Nguyen Jacqueline K, Routledge David, van Der Weyden Carrie, Blombery Piers, Angel Christopher M, Johnson Daryl, Goh Michelle S, Lee Adriene
Department of Dermatology, St Vincent's Hospital Melbourne, Fitzroy, Victoria, Australia.
Department of Clinical Haematology, Peter MacCallum Cancer Centre and Royal Melbourne Hospital, Melbourne, Victoria, Australia.
Australas J Dermatol. 2022 Nov;63(4):488-492. doi: 10.1111/ajd.13932. Epub 2022 Oct 5.

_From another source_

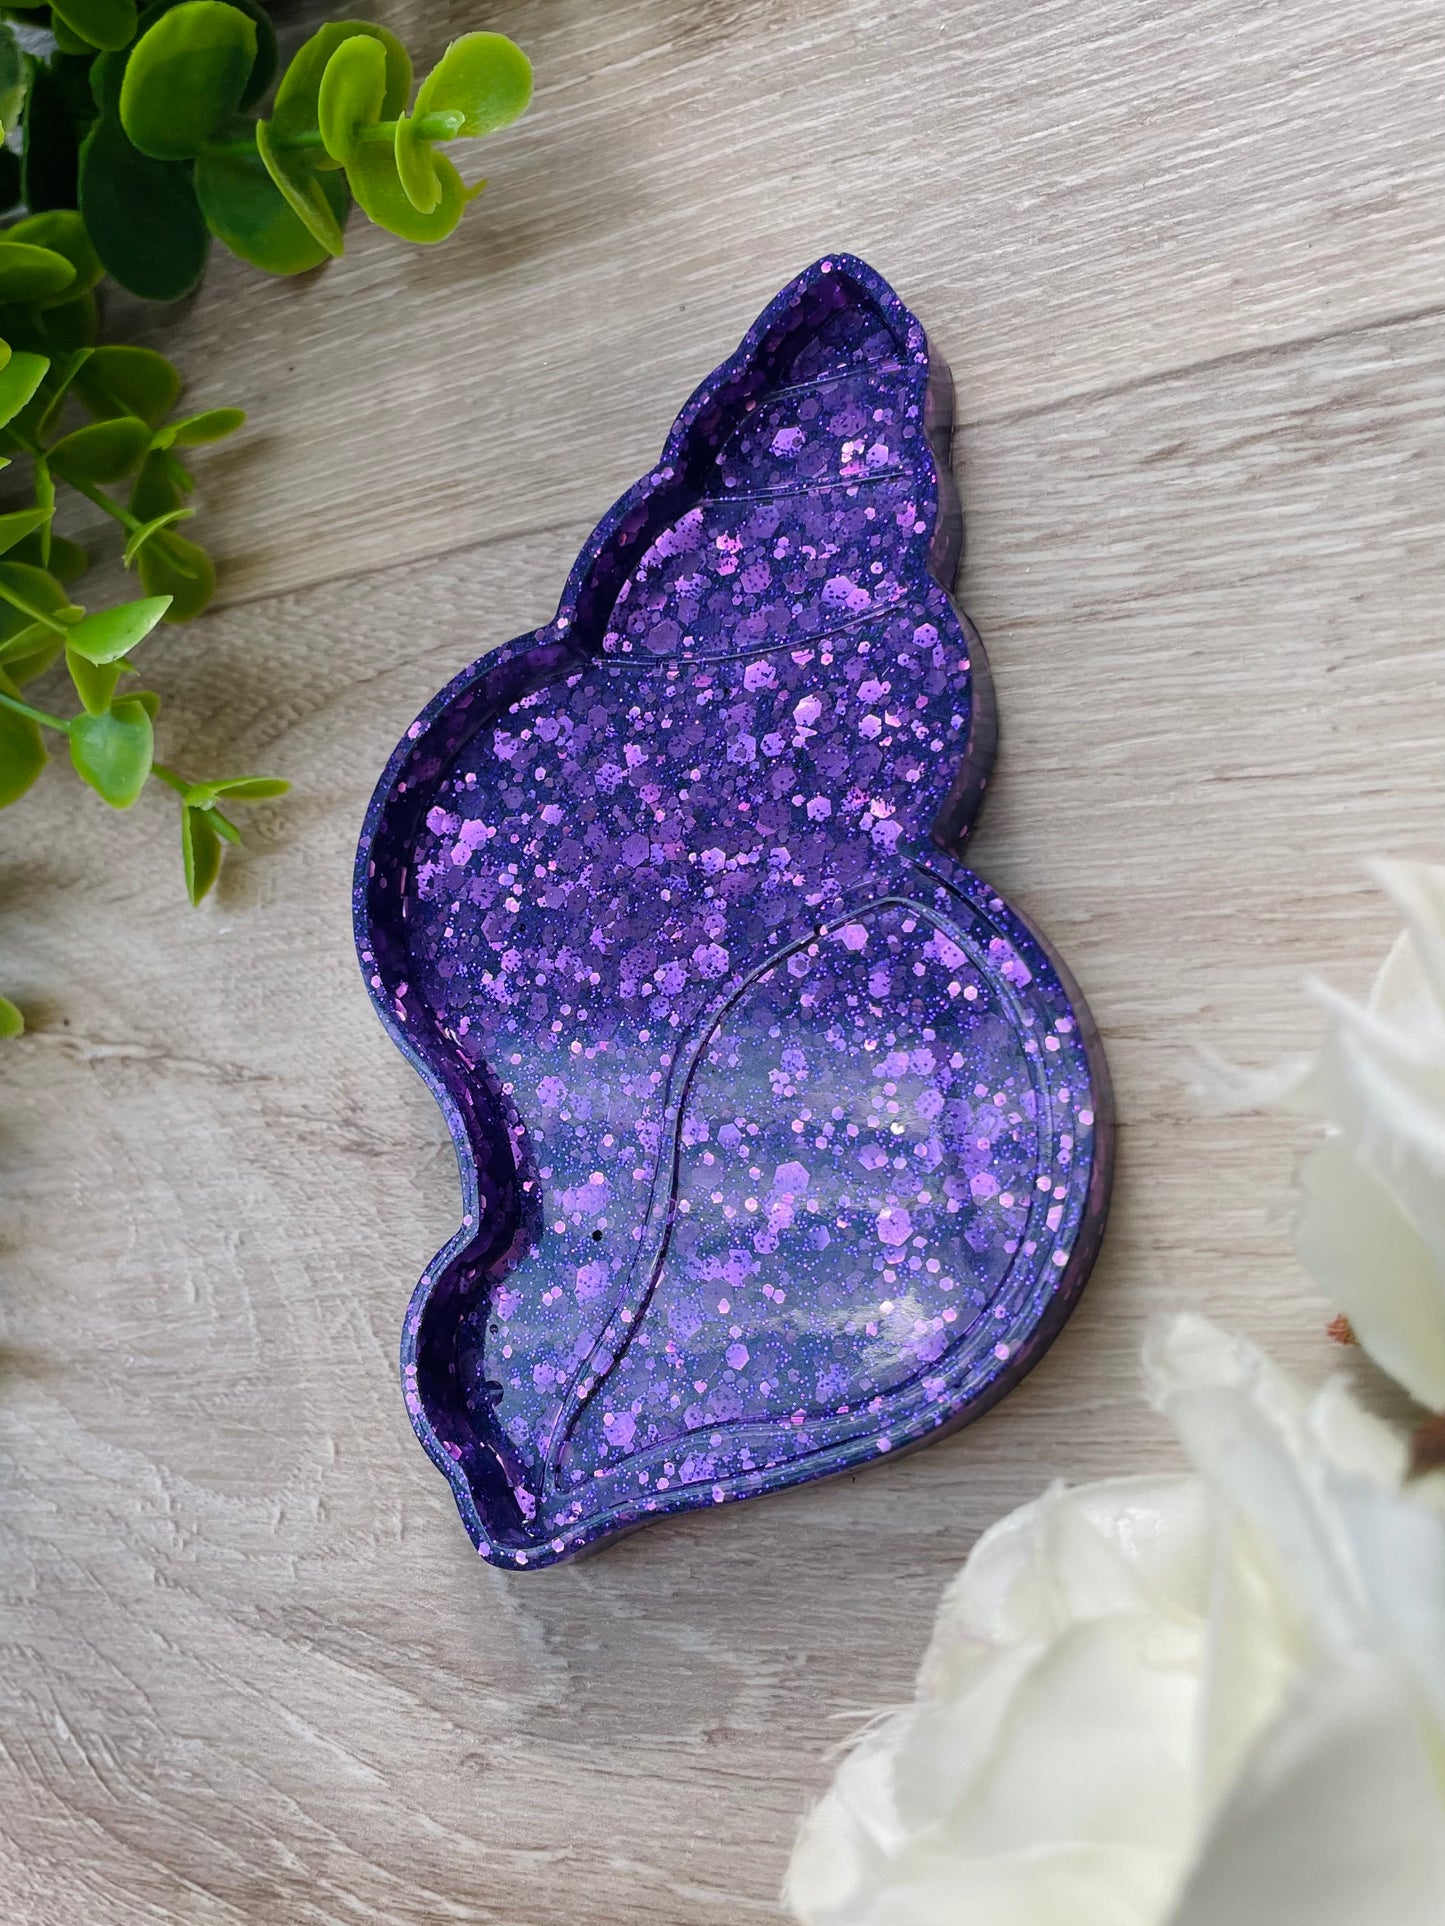 Gorgeous royal purple glittery mini shell dish 🐚🐚  Great compact size, approx 12cm x 7.5cm  x4 Rubber feet included in package as an optional addon
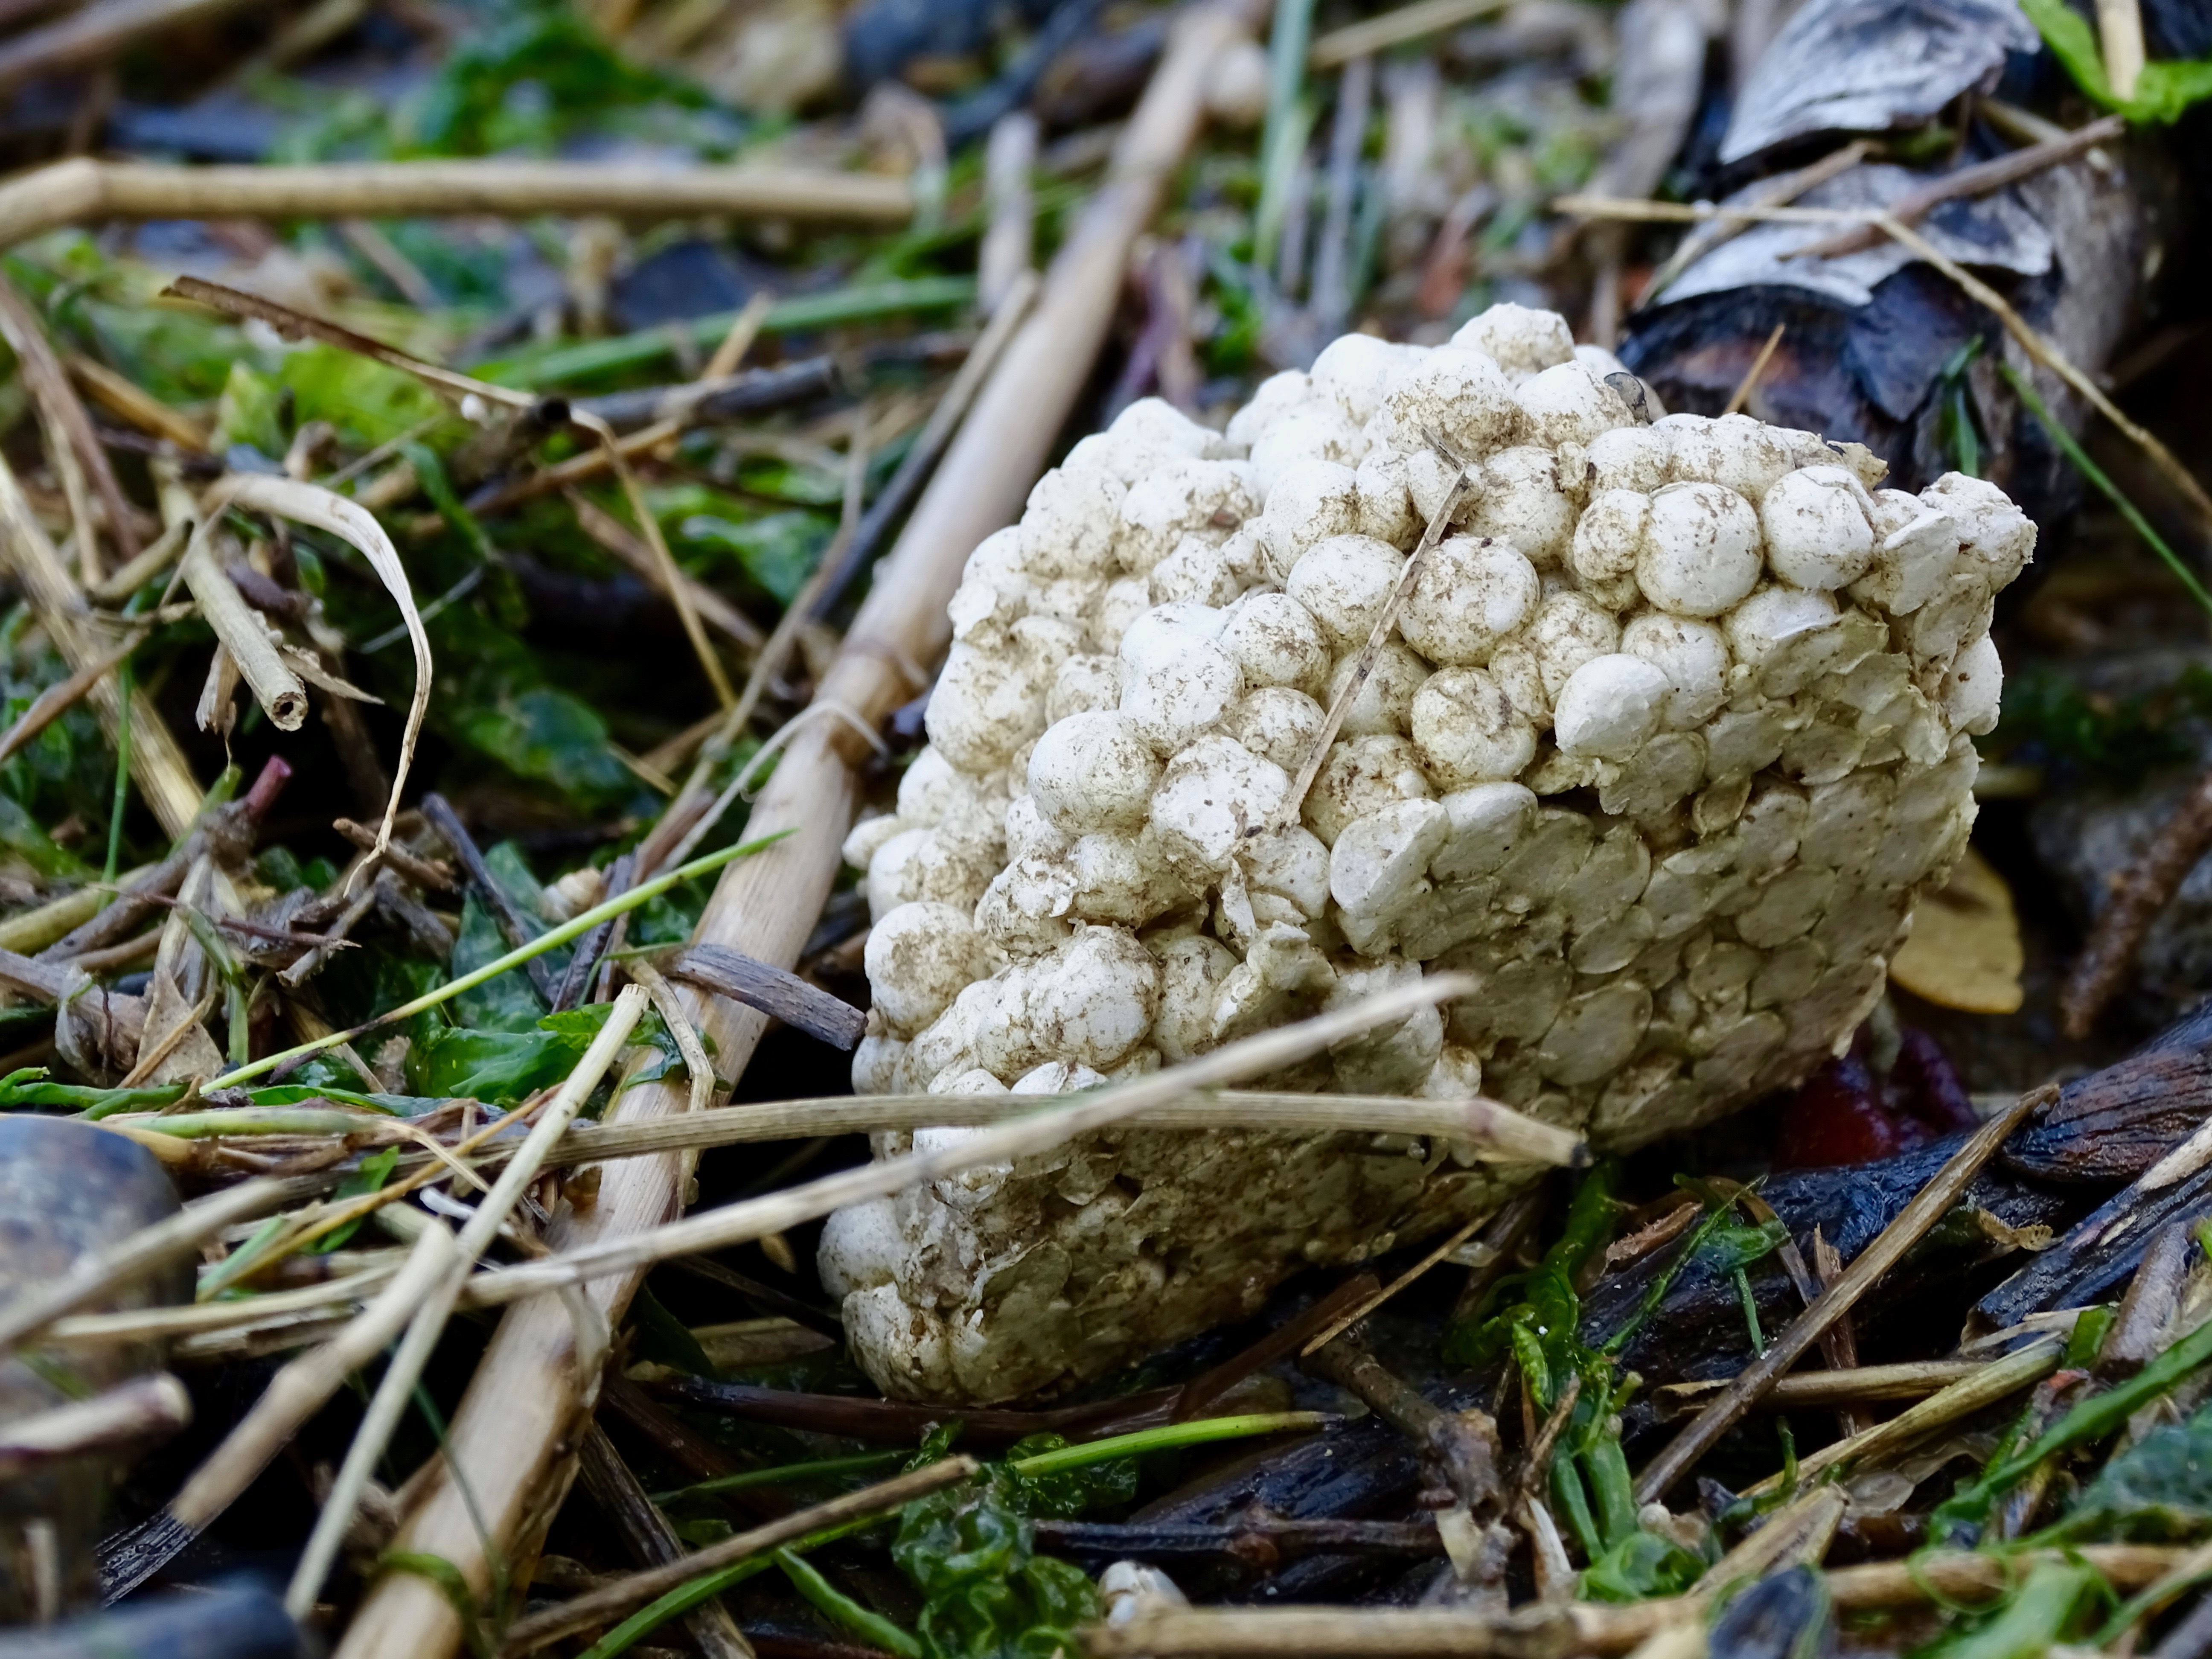 A chunk of expanded polystyrene left on the ground, with dirt lining the small foam balls as a sign of its long time in the elements.

VEXAS (Vacuoles, E1 enzyme, X-linked, autoinflammatory and somatic mutation) syndrome is a genetically defined disorder identified in 2020, describing patients with inflammatory syndromes associated with haematological dysfunction. It is a severe, treatment-resistant condition, with estimated mortality between 40% and 63%. A wide range of cutaneous manifestations have been described. Here, we report on two patients with treatment-resistant neutrophilic dermatosis and myelodysplastic syndrome, who were subsequently diagnosed with VEXAS syndrome. Our cases highlight the need for dermatologists' awareness of this novel condition and to initiate early referral to haematologists for appropriate multidisciplinary care.
VEXAS(空泡、E1酶、X连锁、自身炎症性和体细胞突变)综合征是2020年确定的一种基因定义的疾病,描述了伴有血液系统功能障碍的炎症综合征患者。它是一种严重的、难治性疾病,估计死亡率在40%至63%之间。已有多种皮肤表现的描述。在此,我们报告两名患有难治性嗜中性皮病和骨髓增生异常综合征的患者,他们随后被诊断为VEXAS综合征。我们的病例强调皮肤科医生需要了解这种新疾病,并尽早转诊给血液科医生以获得适当的多学科护理。